Task to carry out:
Drop the pictures and repeat the remaining data exactly.

Information supplied:

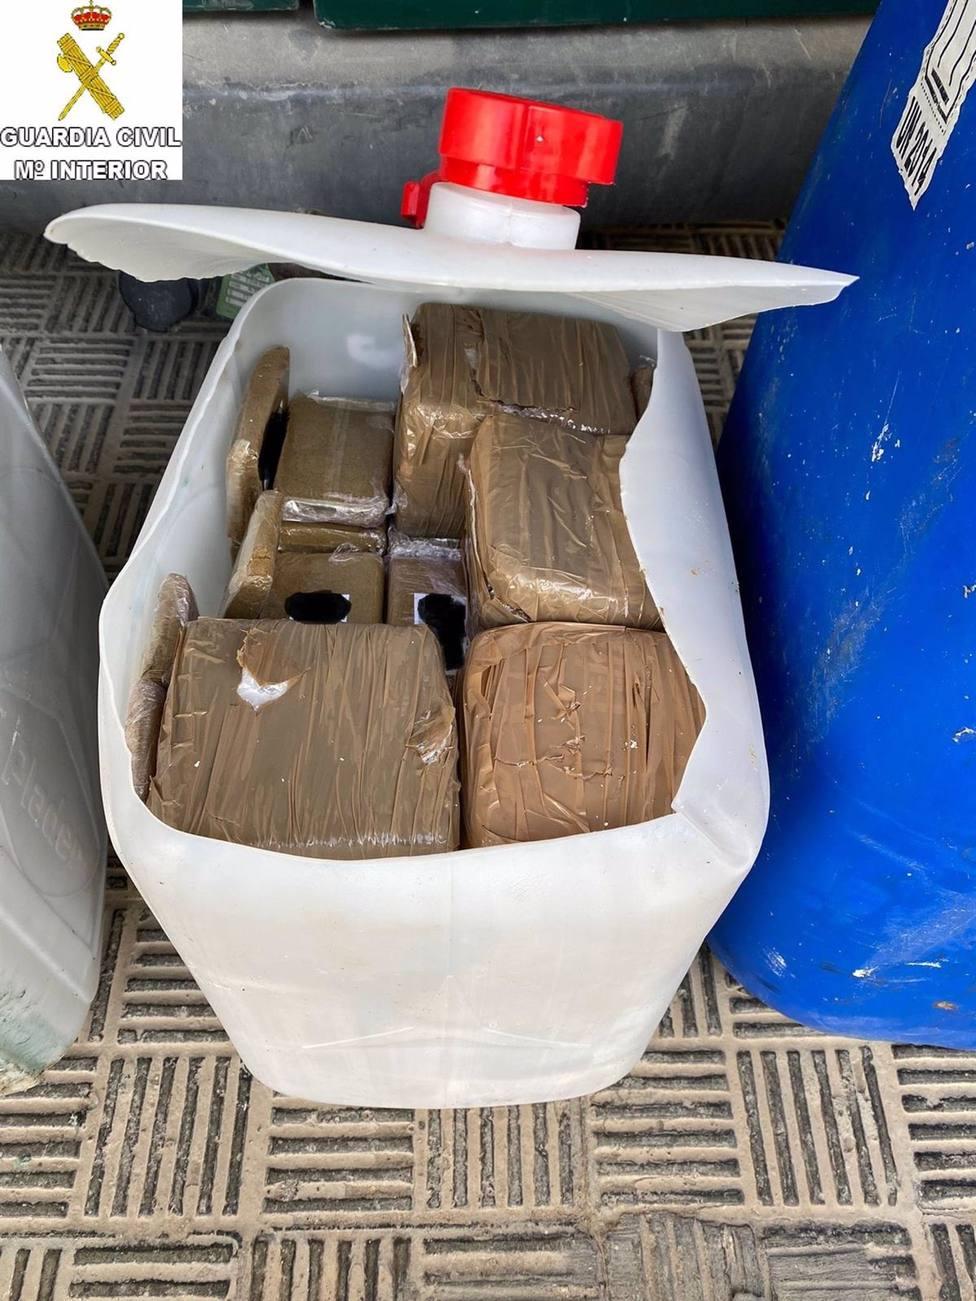 Cádiz.-Sucesos.- Detenidas dos personas en El Puerto que pretendían alijar 860 kilos de hachís por el río Guadalete
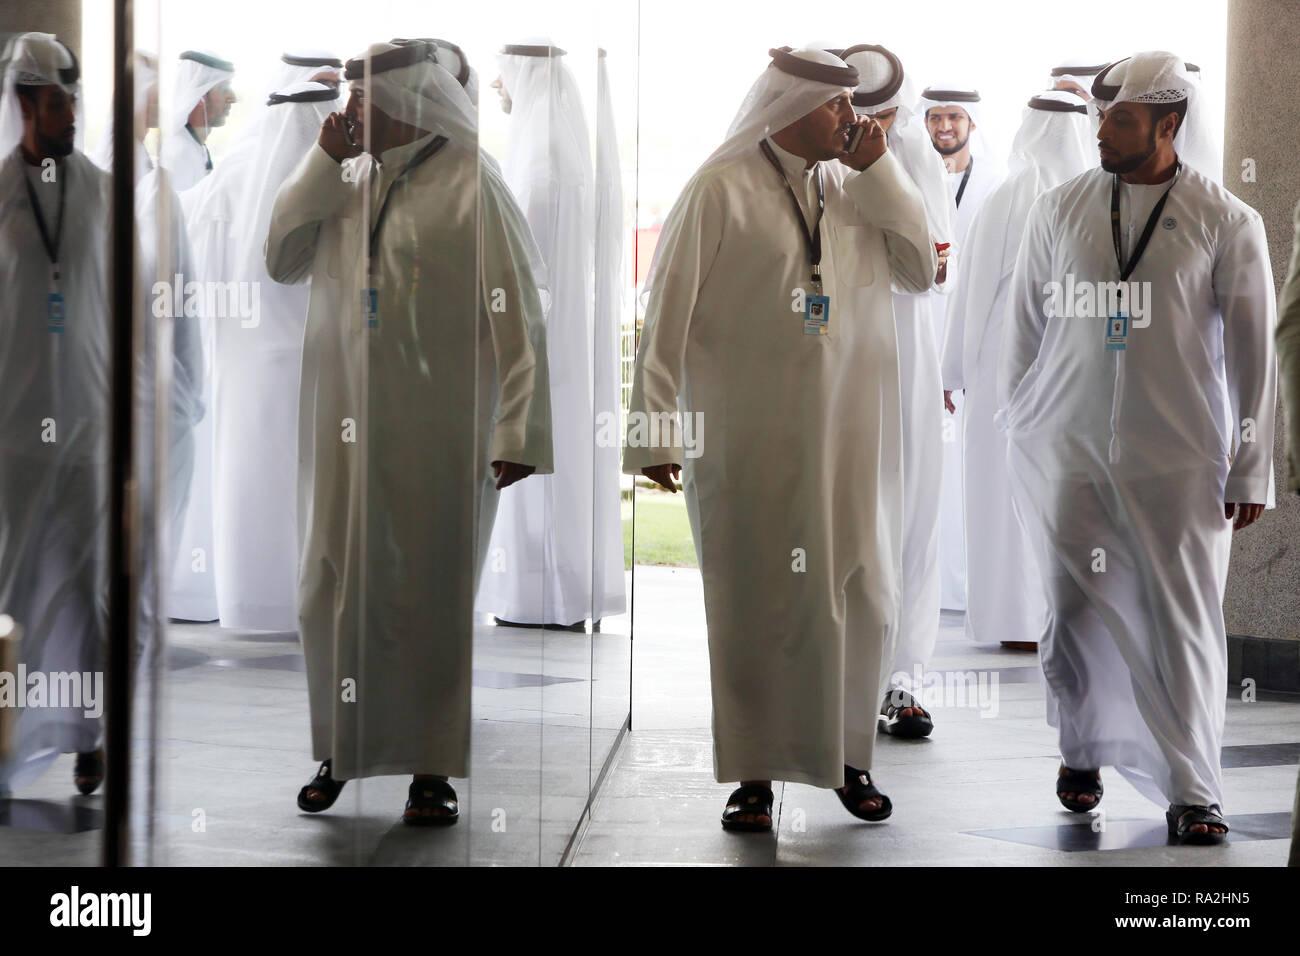 31.03.2018, Dubai, Dubai, Vereinigte Arabische Emirate, Gruppe arabischer Maenner in traditioneller Kleidung. 00S180331D221CARO.JPG [MODEL RELEASE: NO - Stock Image
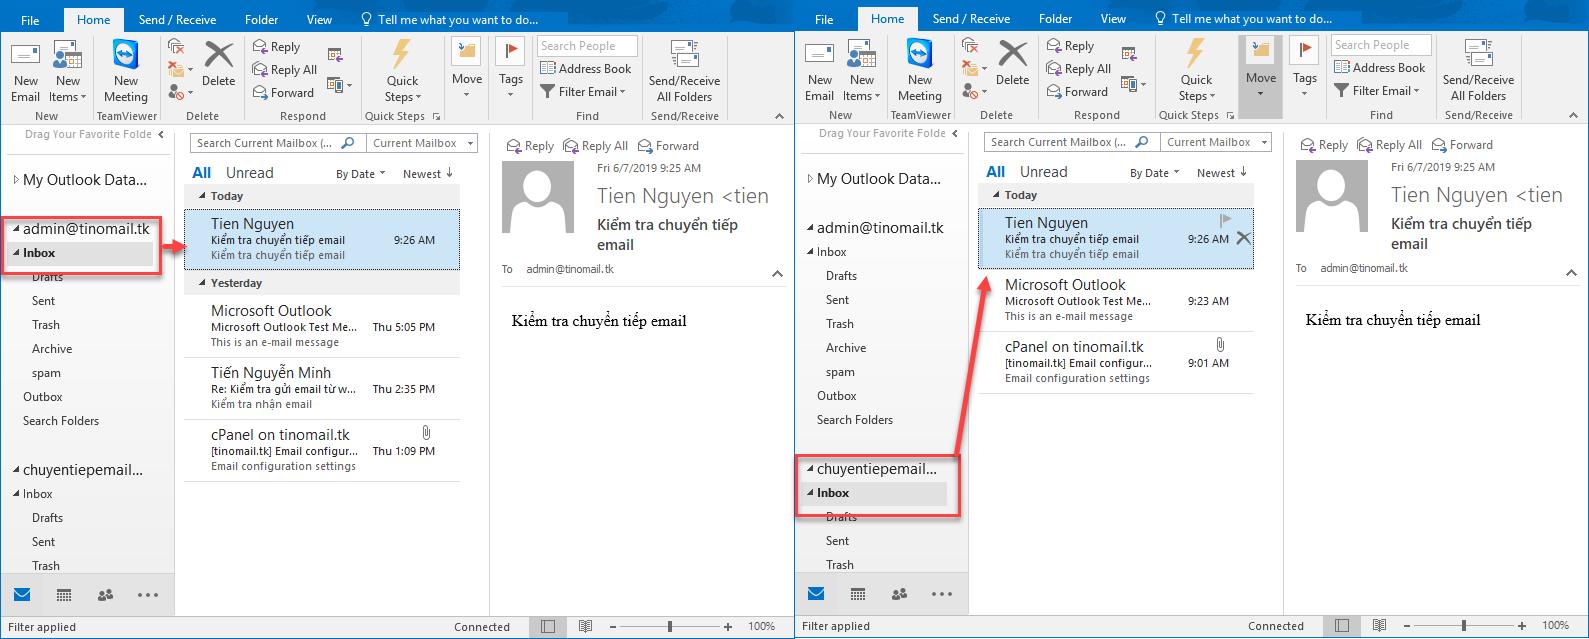 Hướng dẫn sử dụng chức năng Forwarders (Chuyển tiếp) trên Email Hosting 8

Problem solution:
 Cádiz.-Sucesos.- Detenidas dos personas en El Puerto que pretendían alijar 860 kilos de hachís por el río Guadalete
 31.03.2018, Dubai, Dubai, Vereinigte Arabische Emirate, Gruppe arabischer Maenner in traditioneller Kleidung. 00S180331D221CARO.JPG [MODEL RELEASE: NO - Stock Image
 Hướng dẫn sử dụng chức năng Forwarders (Chuyển tiếp) trên Email Hosting 8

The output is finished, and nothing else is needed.